How to insert data into hive table with partition

hhkim · December 15, 2022, 9:32am

Hello.

I was wondering if I can insert data into hive table by using this sql query:

INSERT OVERWRITE TABLE testdb.test_table PARTITION (base_date = ‘202212’)

I have used “DB Connection Table Writer” node but it can’t be used with PARTIOTION option.

I think there is no node that can insert connected data into table with PARTITION option.

I’d would appreciate it if you could tell me how I can use PARTITION option.

mlauber71 · December 15, 2022, 3:57pm

@hhkim You can use the „DB Table creator“ with additional settings for partitions and then load data into the newly created table. The DB Loader would need a temporary folder in the HDFS file system.

You can try and adapt this example here. Please note the partition would be the last column and is being omitted i the create on purpose since it will be set in the additional options.

Another option would be to load the data into a temporary table and then use an SQL Executor command to insert the data.

Here is a complete „self-healing“ reporting system with Hive that could demonstrate additional functions:

mlauber71 · December 18, 2022, 7:49pm

@hhkim I created an example workflow that would demonstrate the use of Hive tables and partitions with the KNIME DB nodes.

If you want to do an OVERWRITE of a specific partition the easiest way to do so would be to first explicitly drop the relevant partition (there is a node doing that in the example).

please download the whole workflow group to get a complete example:

hhkim · December 19, 2022, 5:25am

Thank you for your reply.

I think DB Table Creator or DB Reader node can use my local PC resource.

So I just want insert selected DB data into DB table directly by using “INSERT OVERWRITE with PARTITION” query.

“INSERT OVERWRITE with PARTITION” query can use when the table that I want to select already exists.
But when the table that I want to select comes from DB node, I don’t know how to do.

I hope my explanation is enough so you can understand what I mean.
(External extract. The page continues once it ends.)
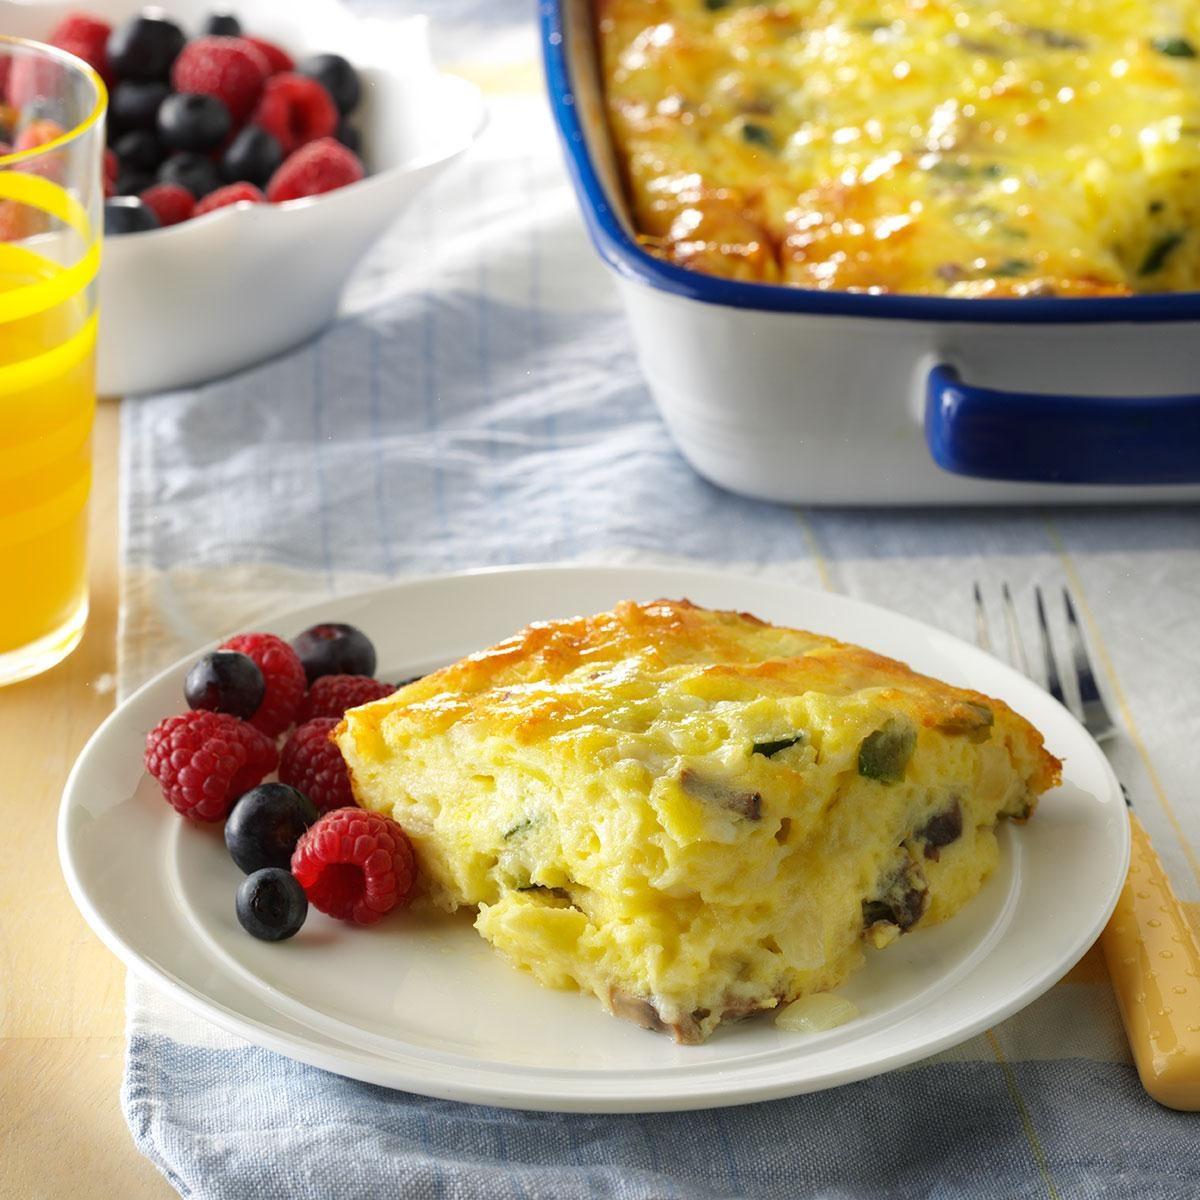 Vegetable Egg Breakfast Casserole: Cheesy Vegetable Egg Dish Recipe

mlauber71 · December 19, 2022, 7:19pm

@hhkim there ware two ways to add a partition to an existing one:

You can use the DB Connection Table Writer and just make sure your partitions are in the same order (at the end) of the file - like in this version the column “education”. Here it would append the data (all educations=Masters) if you would execute it more than once:

Or you could use the syntax you already have mentioned - “INSERT OVERWRITE” where you mention the partition column. Again: the partitions have to be the last columns (and have to have the same order as in the target file).

INSERT OVERWRITE TABLE `default`.`data_train`
PARTITION (`education`)
SELECT *
FROM `default`.`data_education_masters`

You would add the partition in the form of an additional folder or parquet files within the folder (on the HDFS):

The settings for the target table “data_train” have been set in the additional options of the DB Table Creator node

STORED AS PARQUET
PARTITIONED BY (education STRING)
TBLPROPERTIES ( 'parquet.compression'='snappy'
  , 'external.table.purge'='true'
  , 'transactional'='false'
  , 'discover.partitions' = 'false'
  )

hhkim · December 26, 2022, 6:51am

Thank you for your answer.

Summarizing your answer, I understood that I can insert the data through the “DB SQL Executor” node when the table I want select exists, and I can insert the data through the “DB Connection Table Writer” node when the table I select does not exist.

It was helpful to me

system · January 2, 2023, 6:52am

This topic was automatically closed 7 days after the last reply. New replies are no longer allowed.